Work to complete —
Repeat the listing below exactly. Pictures do not belong in the copy.

Data provided —

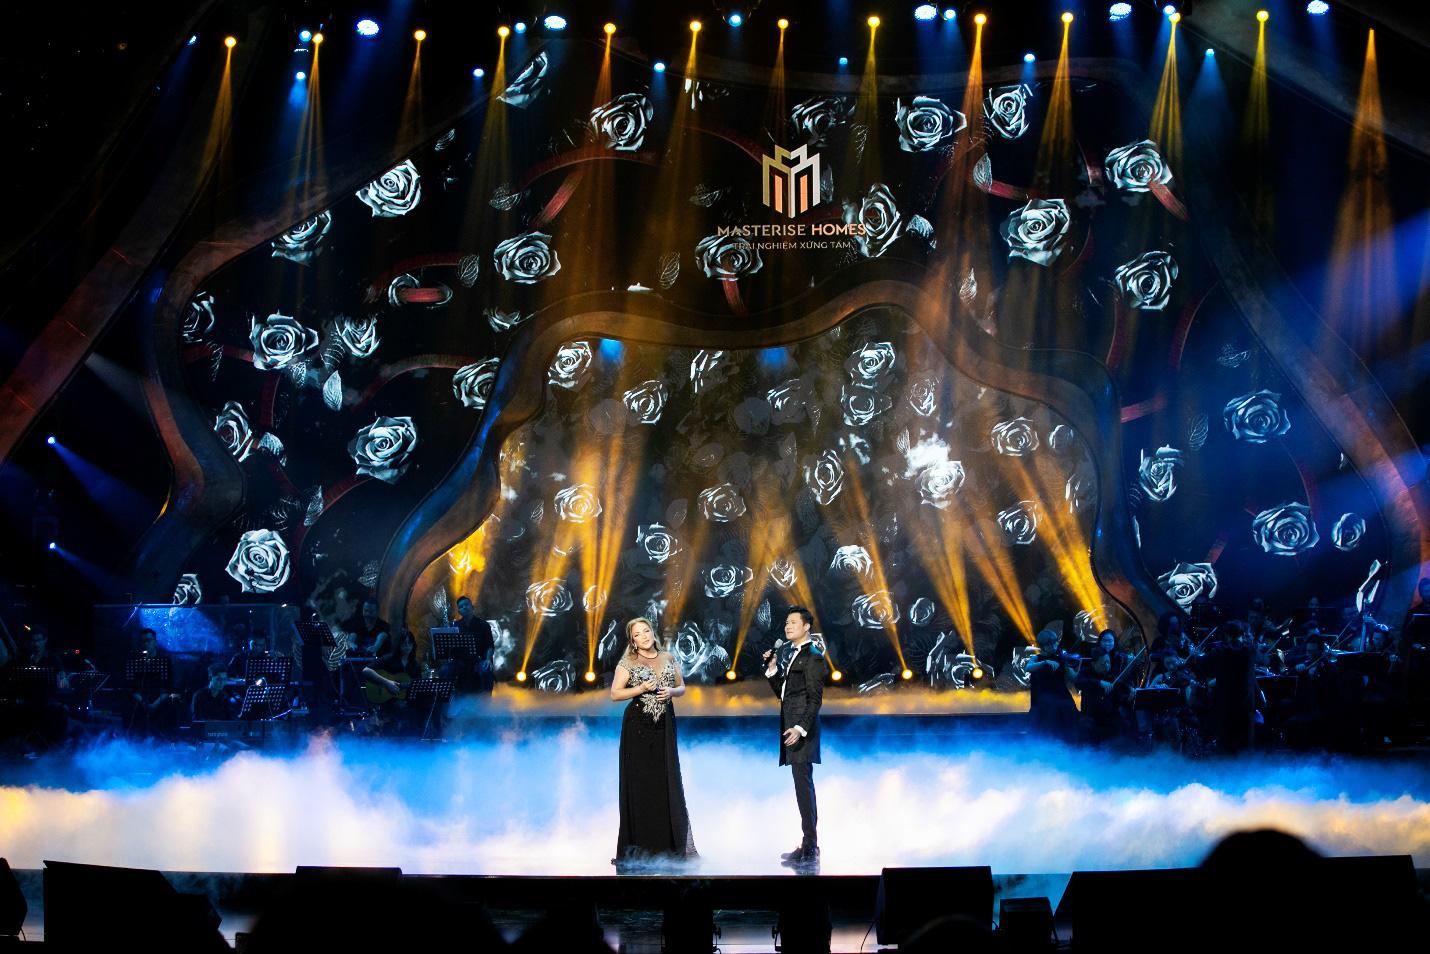 The Master Of Symphony 2019 chinh phục khán giả với các tiết mục trình diễn đỉnh cao và ấn tượng - Ảnh 4.
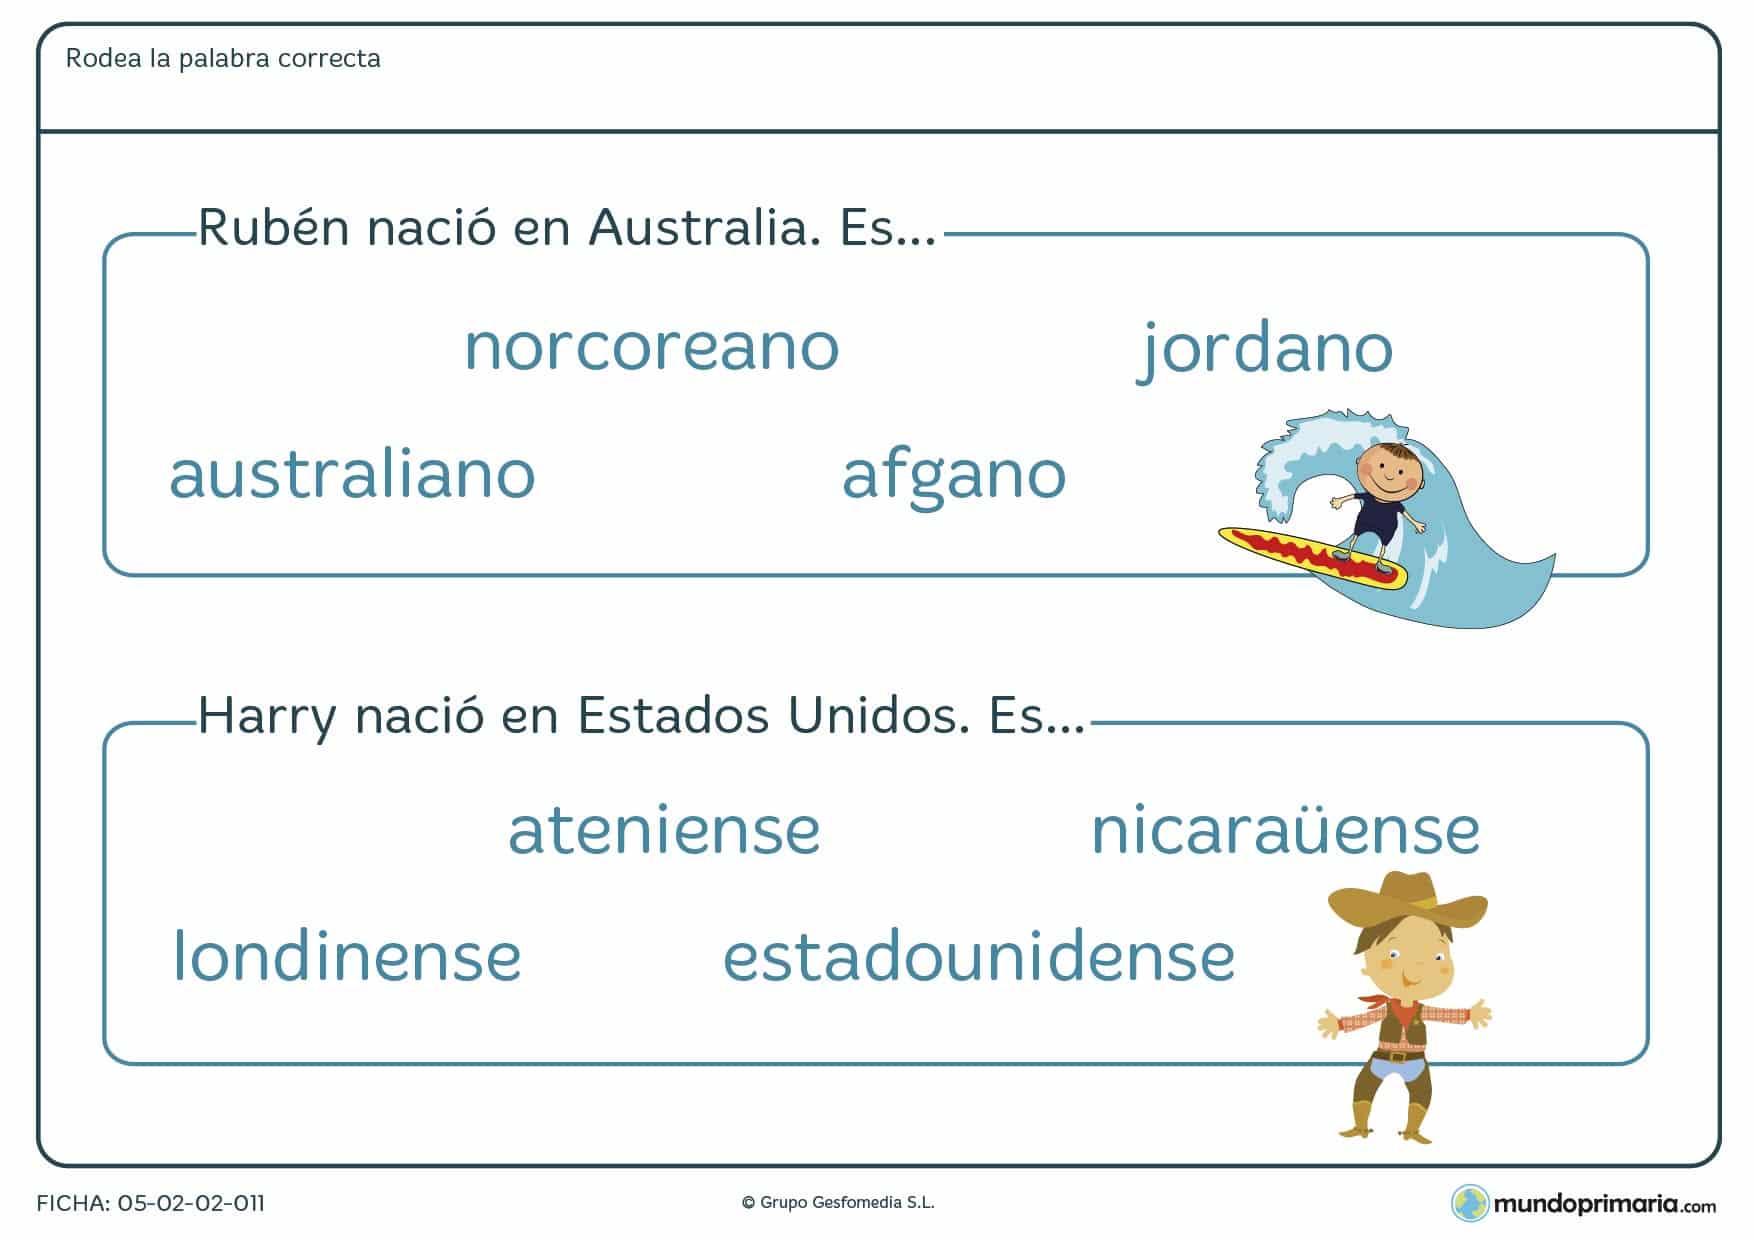 Ficha sobre nacionalidades para niños que estudien 3º de Primaria
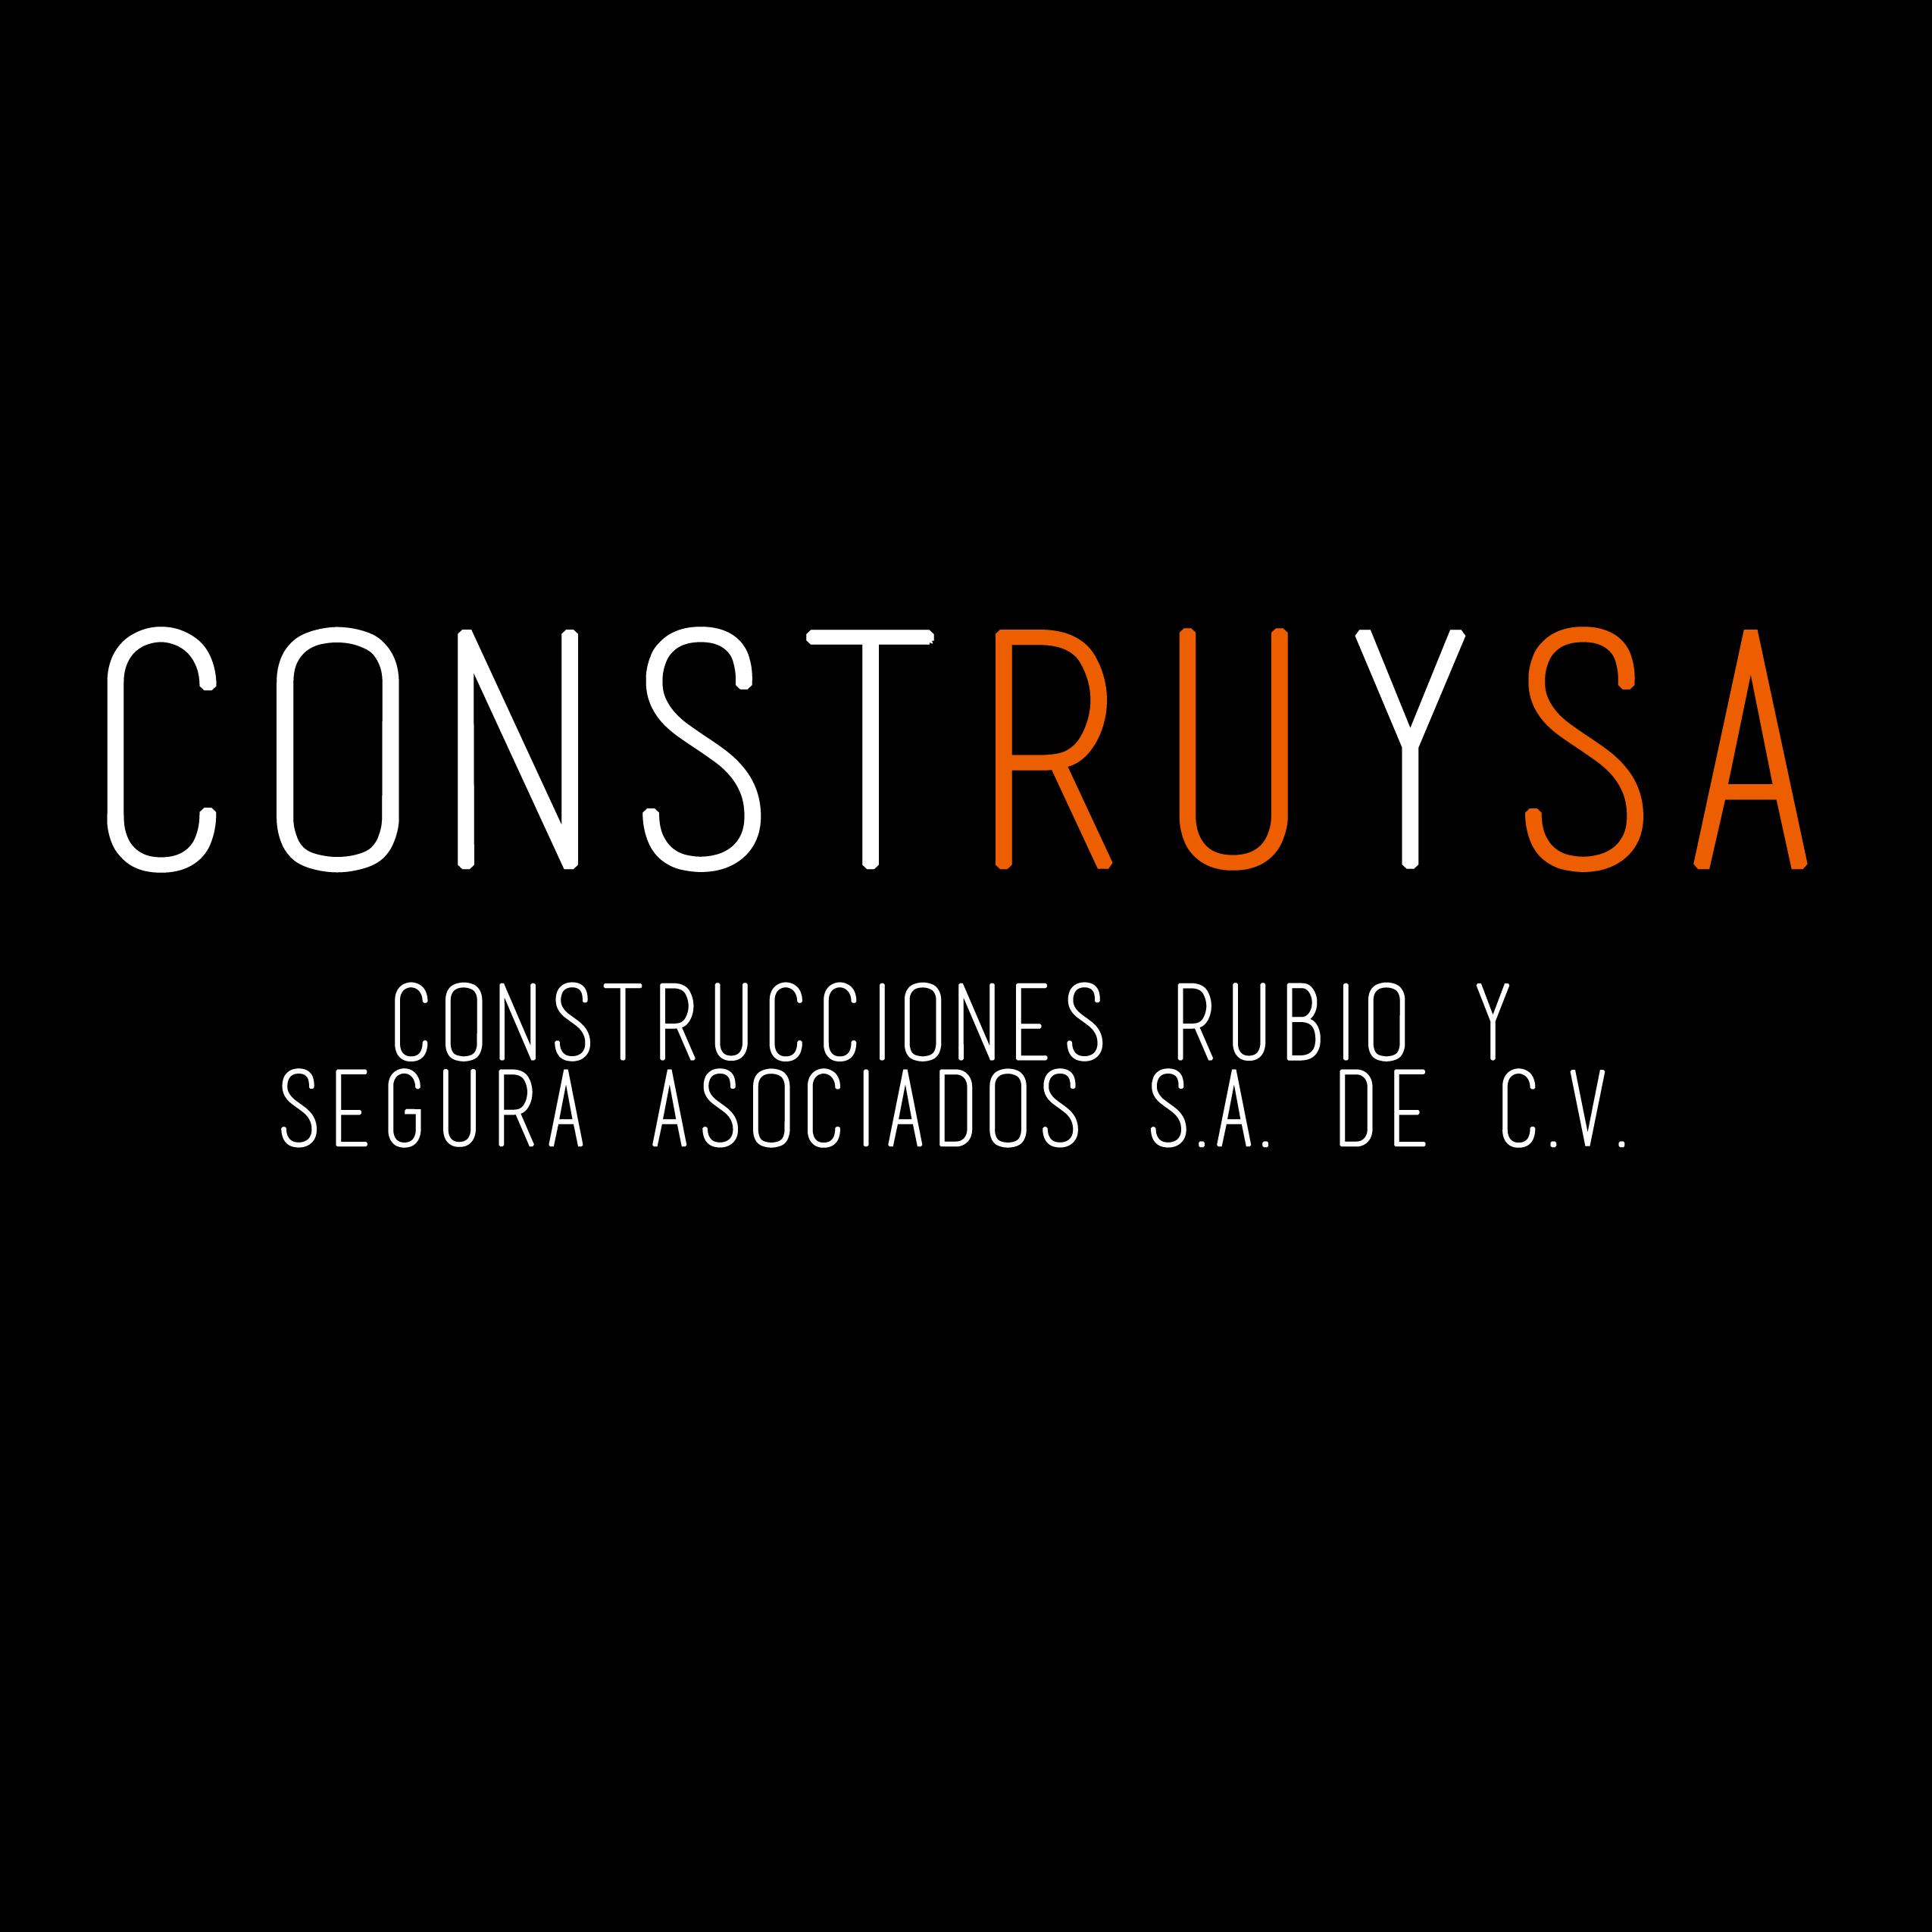 Construysa
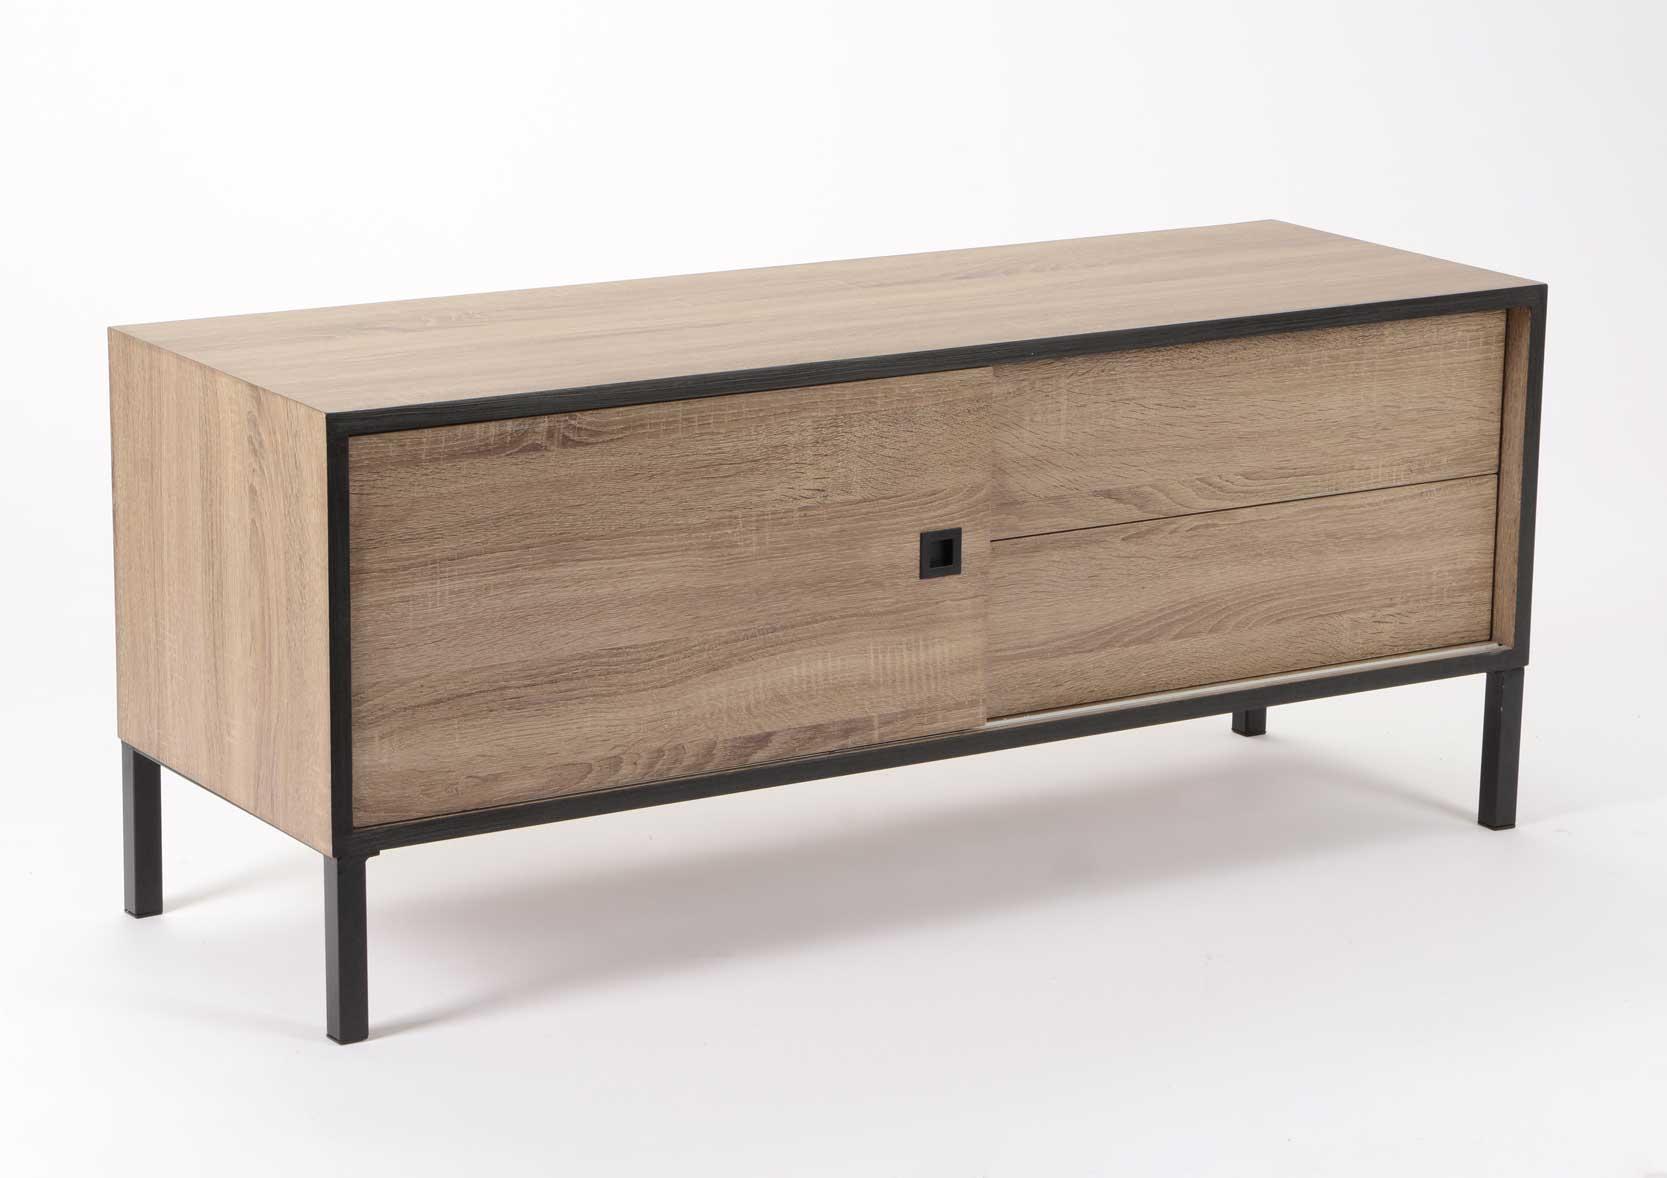 meuble t l avec armatures m tal. Black Bedroom Furniture Sets. Home Design Ideas

Solution to this exercise —
 The Master Of Symphony 2019 chinh phục khán giả với các tiết mục trình diễn đỉnh cao và ấn tượng - Ảnh 4.
 Ficha sobre nacionalidades para niños que estudien 3º de Primaria
 Construysa
 meuble t l avec armatures m tal. Black Bedroom Furniture Sets. Home Design Ideas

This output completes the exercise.